Vivir ya el Reino de Dios mientras él todavía no volvió. Una mirada cristiana al mundo contemporáneo.

Cuando los verdugos entran en escena

Pedro una vez le preguntó a Cristo sobre aquello que es nuestra mayor dificultad: el perdón. Es muy interesante la premisa de Pedro, al preguntar cuántas veces alguien debería ser perdonado en un único día y al sugerir la cantidad de 7 veces, demostró que creía que el perdón tenía un límite. Es posible que usted, hoy, y muchas otras personas también tengan esta impresión. La respuesta revolucionaria de Jesús fue mucho más que 7 veces en un único día, sino 70 veces 7 (Mat. 18:21-22). Mucho más allá de las 490 veces, lo que Jesús estaba proponiendo de manera didáctica es que no debe haber un límite para el perdón. Pero antes de profundizar en eso, aclaremos qué es el perdón.

La misma palabra ya nos informa su significado más profundo.
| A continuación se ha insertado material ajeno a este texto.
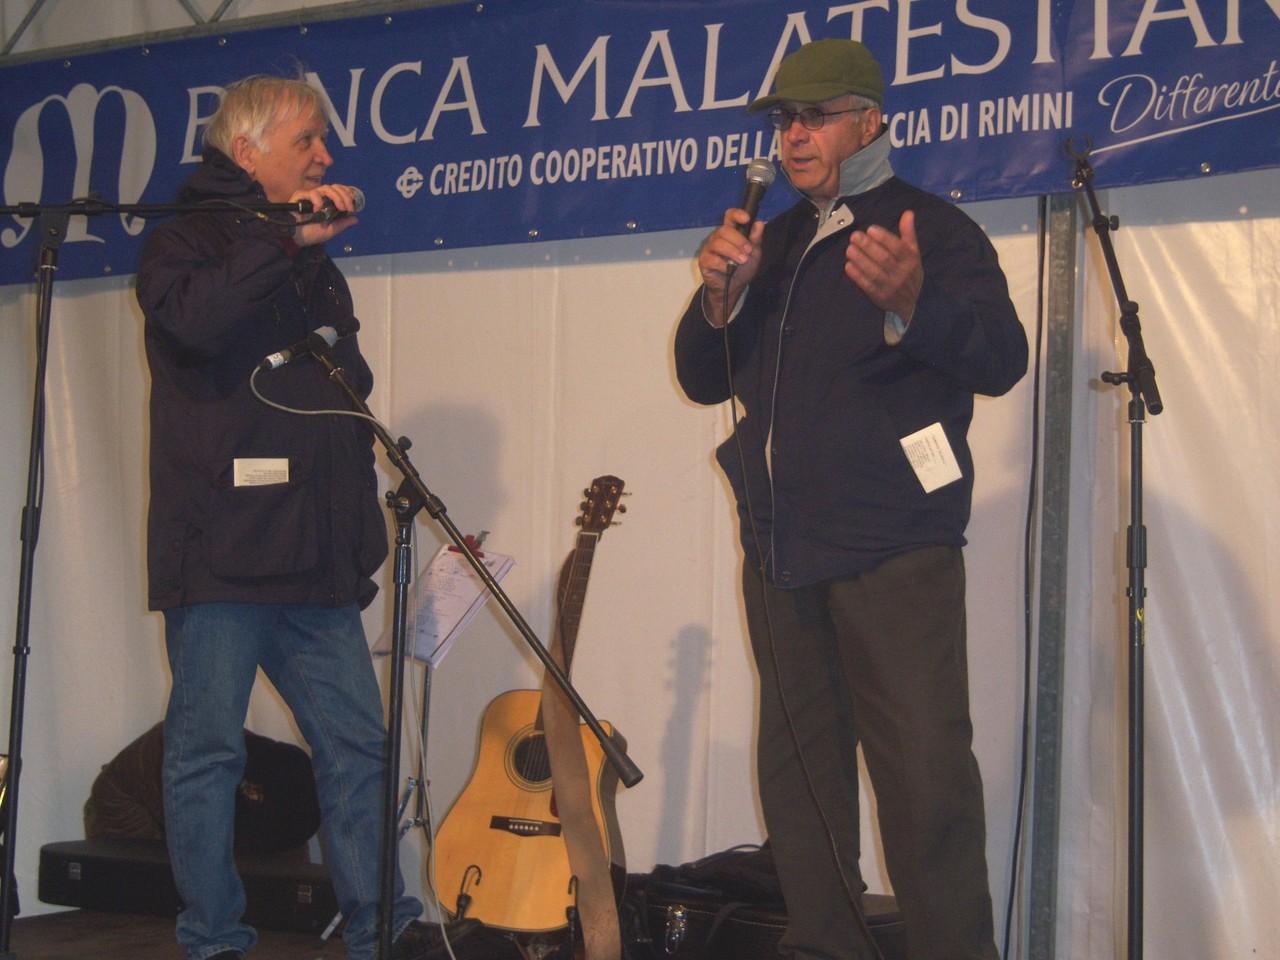 Mauro Chechi ed Elino Rossi offrono al pubblico un esempio di ottava rima
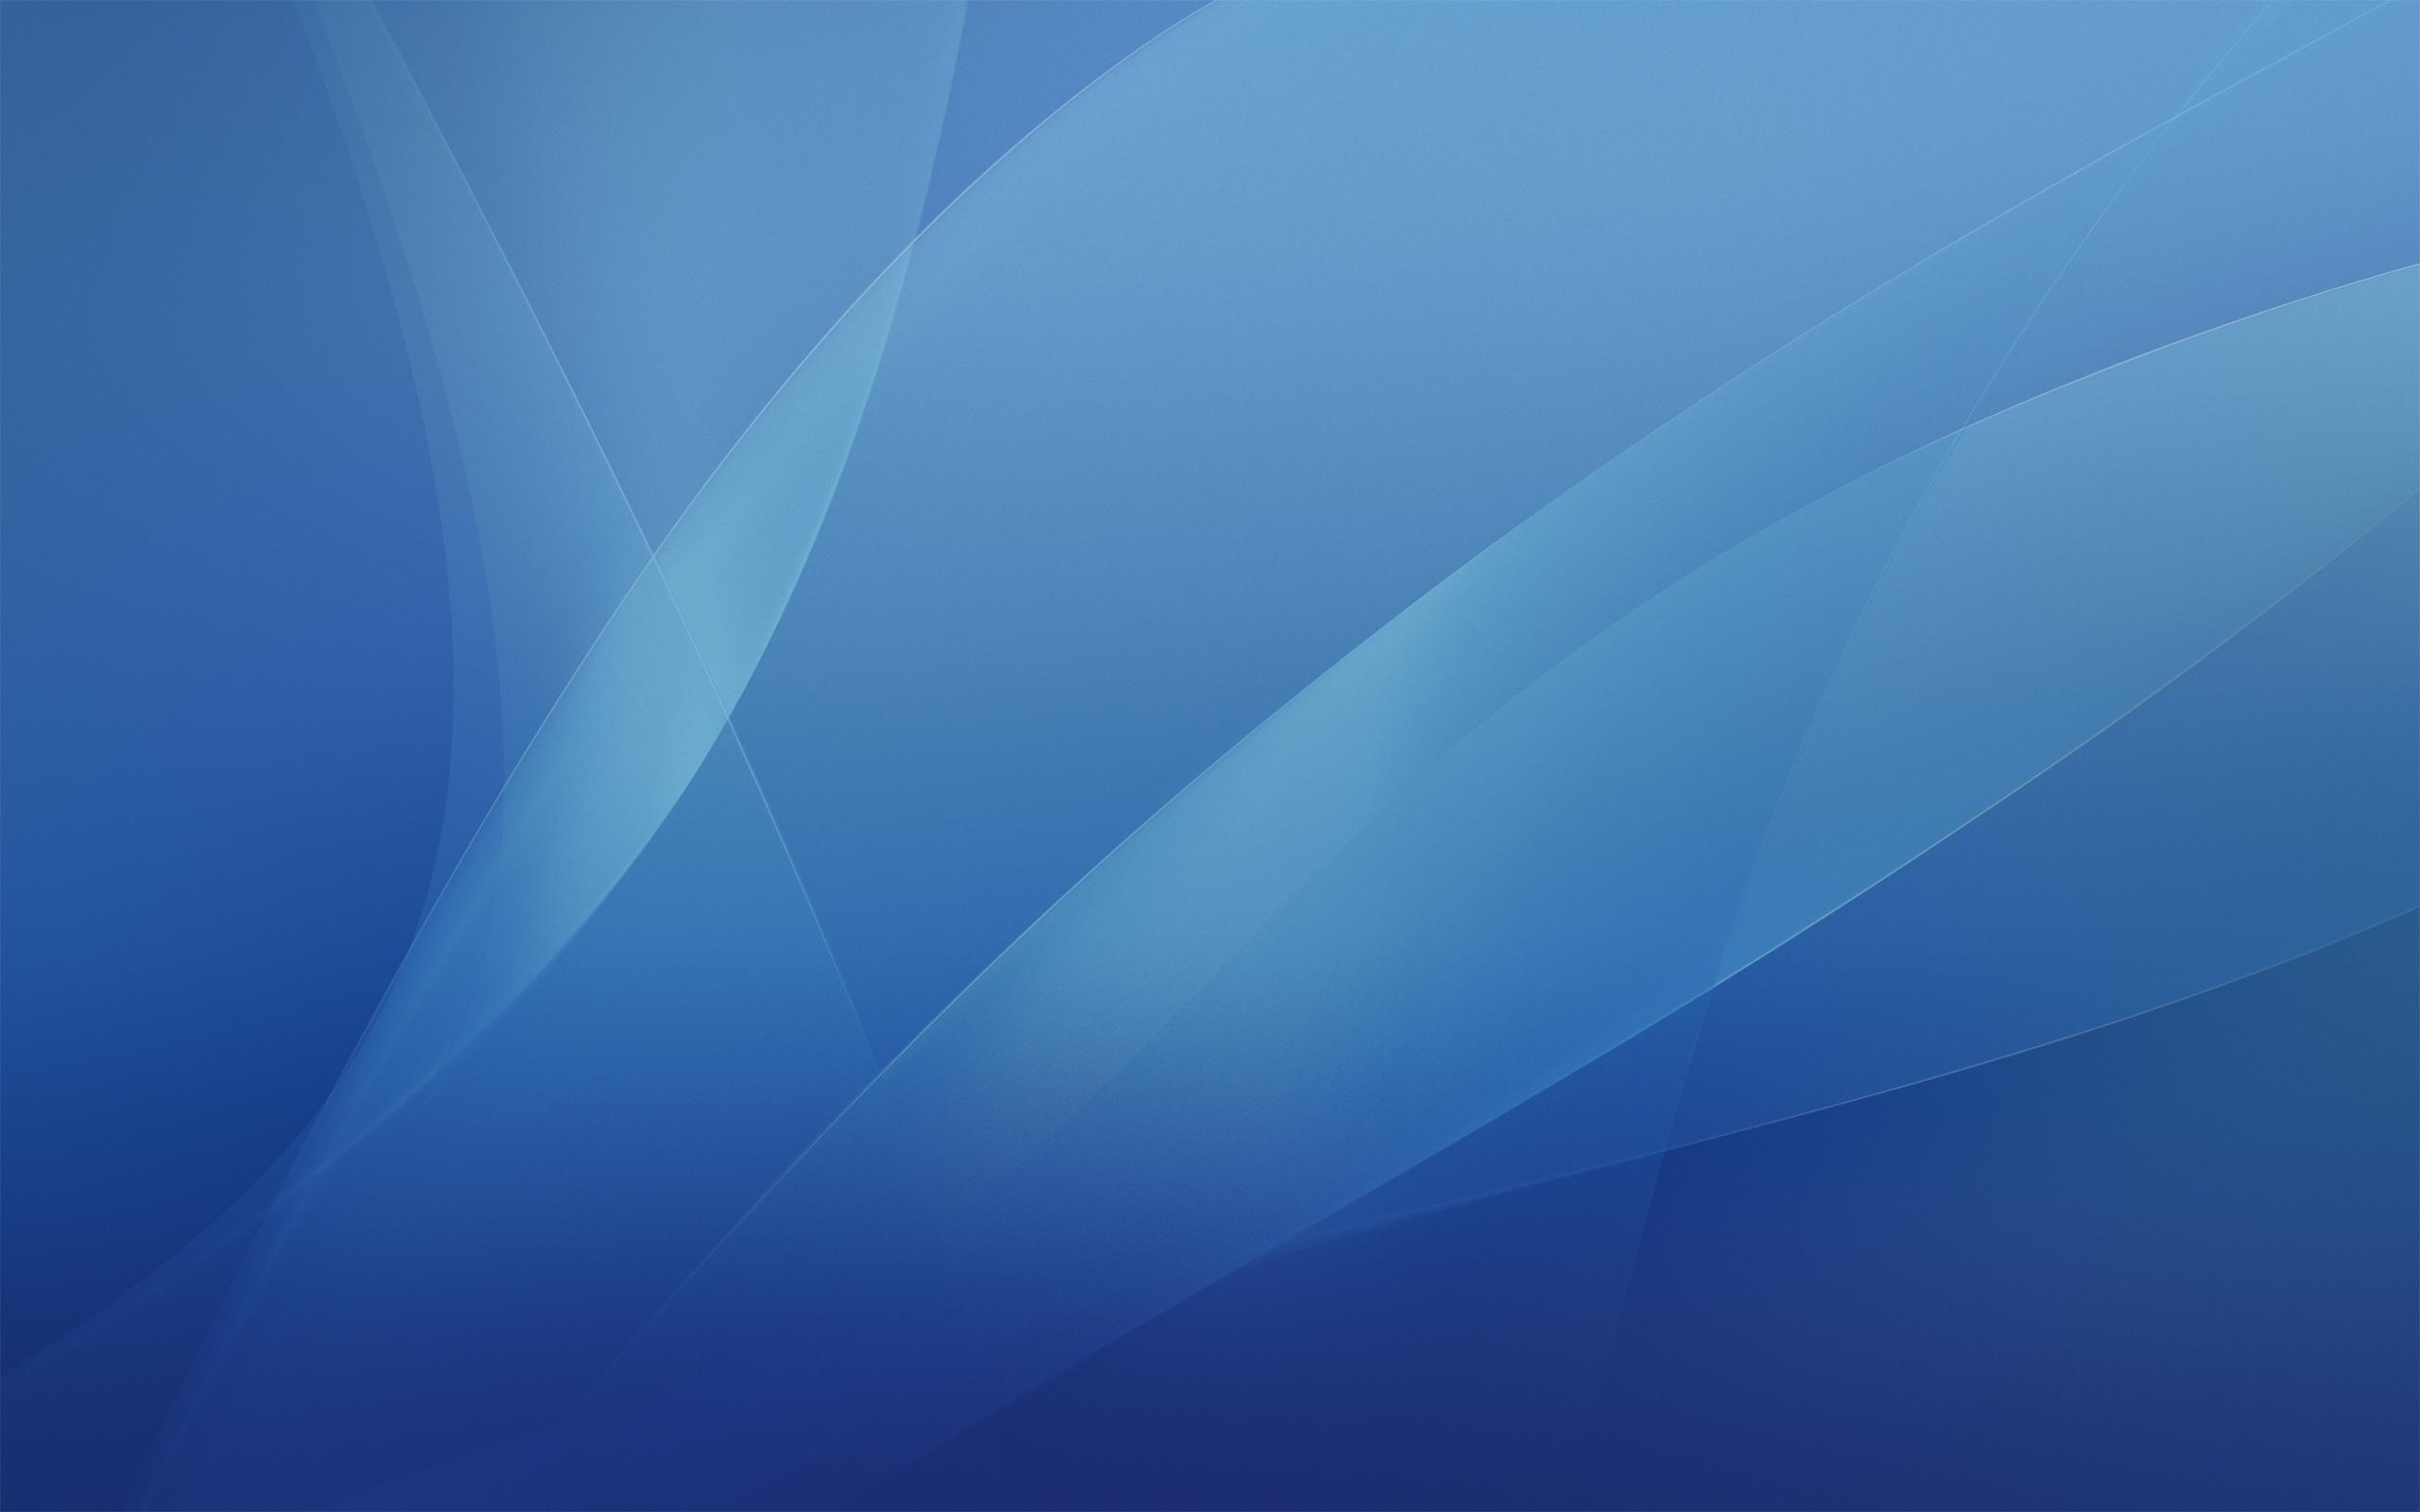 Mac Os Lovely Natural Hd Desktop for Osx Wallpaper 2560x1600px

En portugués los substantivos pueden ser aumentados. Por ejemplo, puedo definir una casa enorme por los sustantivos con aumentativo: casa o caserón. Vaso, vasote. Silla, sillón. ¿Ya entendió a dónde quiero llegar? Exactamente, la palabra perdón es nada más que el substantivo “pérdida” con aumentativo. Eso es el perdón. Una pérdida enorme, una pérdida gigantesca. Todo el mundo que perdona tiene que perder. La palabra en inglés también conlleva esta idea. FORGIVE (unión del verbo “dar” con la preposición “para”) es una indicación de que quien perdona está entregando algo, donando de sí mismo, perdiendo de lo que le es propio. Dar, donar, entregar es nada más que la versión altruista de la palabra pérdida. Nadie dona sin entregar algo propio, sin perder lo que ya había conquistado.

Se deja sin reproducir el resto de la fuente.